Impegnarsi ad educare per una promessa: certo che si può

Ho ascoltato, di recente, in una scuola superiore, due adulti affermati invitati per incontri con i ragazzi del triennio. Una docente universitaria, donna di marketing, si lamentava che i ragazzi tendono a non fare gli Erasmus, non capendo questa non-voglia di viaggiare…; un altro, uomo di economia, concludeva ricordando che bisogna avere spinta nella vita: un rimprovero sostenuto da Steve Jobs, guru della Apple, il quale aveva coniato l'espressione M.Y.A., che, senza essere volgari, vuol dire "datti una mossa”.

Ricordiamo che l’Italia è ai primi posti per i Neet, quei giovani usciti dai radar sociali, non inseriti in un circuito formativo o lavorativo, il corrispettivo degli Hikikomori giapponesi, chiusi in casa e collegati al mondo con la tecnologia.

Riferisco di un'altra esperienza. Selezionando i candidati per il nostro Istituto universitario, area di Pedagogia, mi sono imbattuto in un’altra tribù di personaggi, forse invisibili più dei Neet. Persone che scelgono un orizzonte professionale educativo, pur sapendolo economicamente non riconosciuto, grazie ad una storia personale lontana da facili emotivismi ma vicina alle persone. Persone bisognose di cure.
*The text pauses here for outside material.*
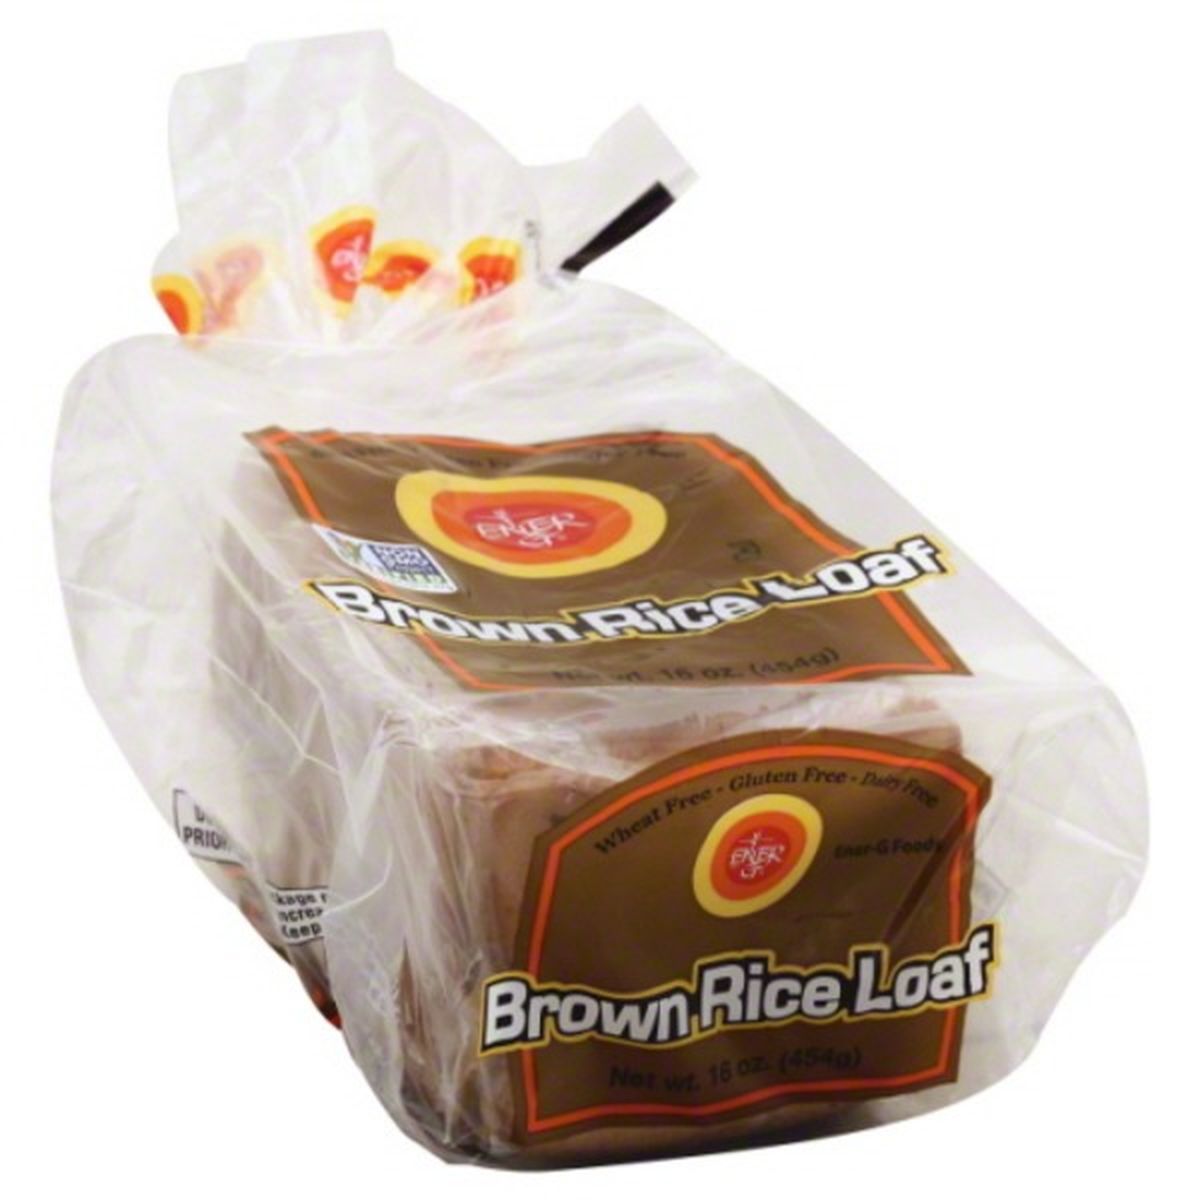 Calories in Ener-G Bread, Brown Rice Loaf
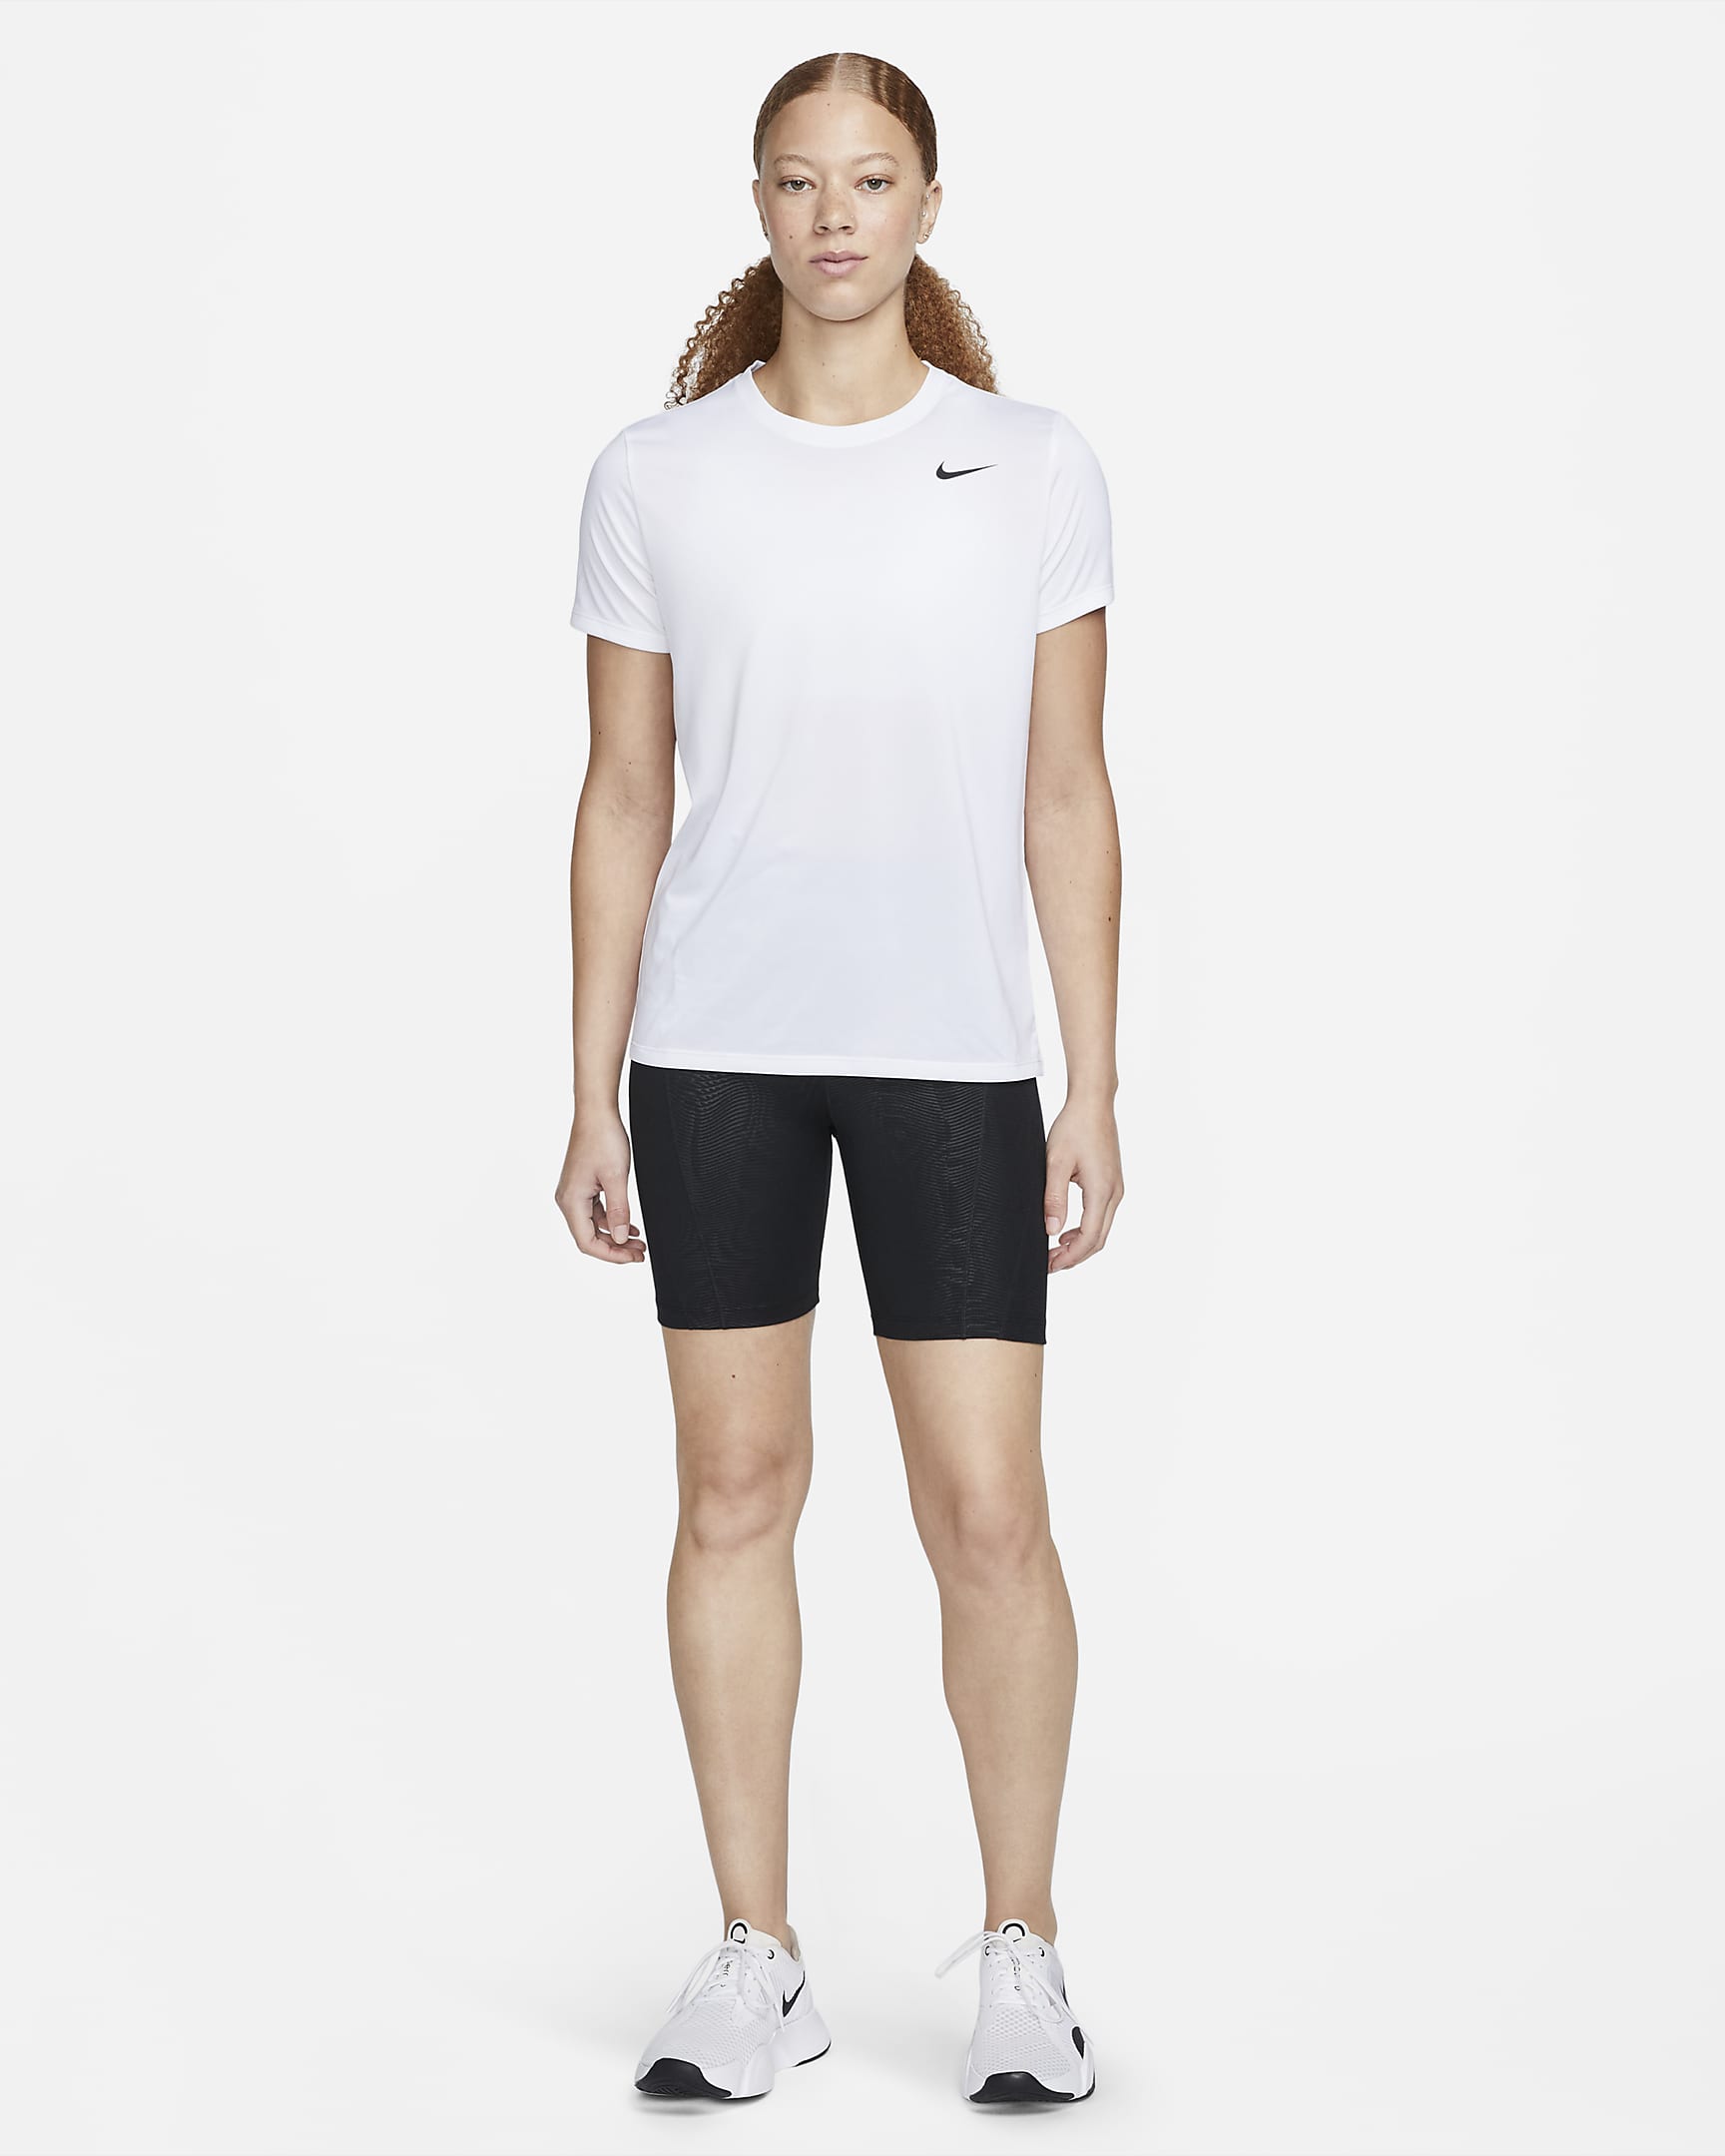 Nike Dri-FIT Women's T-Shirt - White/Black

C'è chi ha accudito il fratello più piccolo o il nipotino, chi ha assistito la madre malata, chi è stata scelta dalla maestra per dare una mano ad un compagno diversamente abile, chi per anni ha fatto l'animatrice nel centri estivi. Storie discrete: sussurrate, a volte commosse. Storie che segnano più dei tatuaggi. Una mi ha colpito: una ragazza che ha aiutato a curare un cugino con una disabilità, che poi è mancato, e al quale ha fatto la promessa di darsi nell'educativo.

C’è ancora chi promette, che fa dei patti... Il pensiero va a papa Francesco che ricorda l'urgenza di fare un patto globale per un villaggio educativo, dove possano crescere delle persone capaci di aprirsi agli altri. Ci sono mani in cui è possibile lasciare questa grande eredità. Si può morire in pace, magari commuovendosi un po'.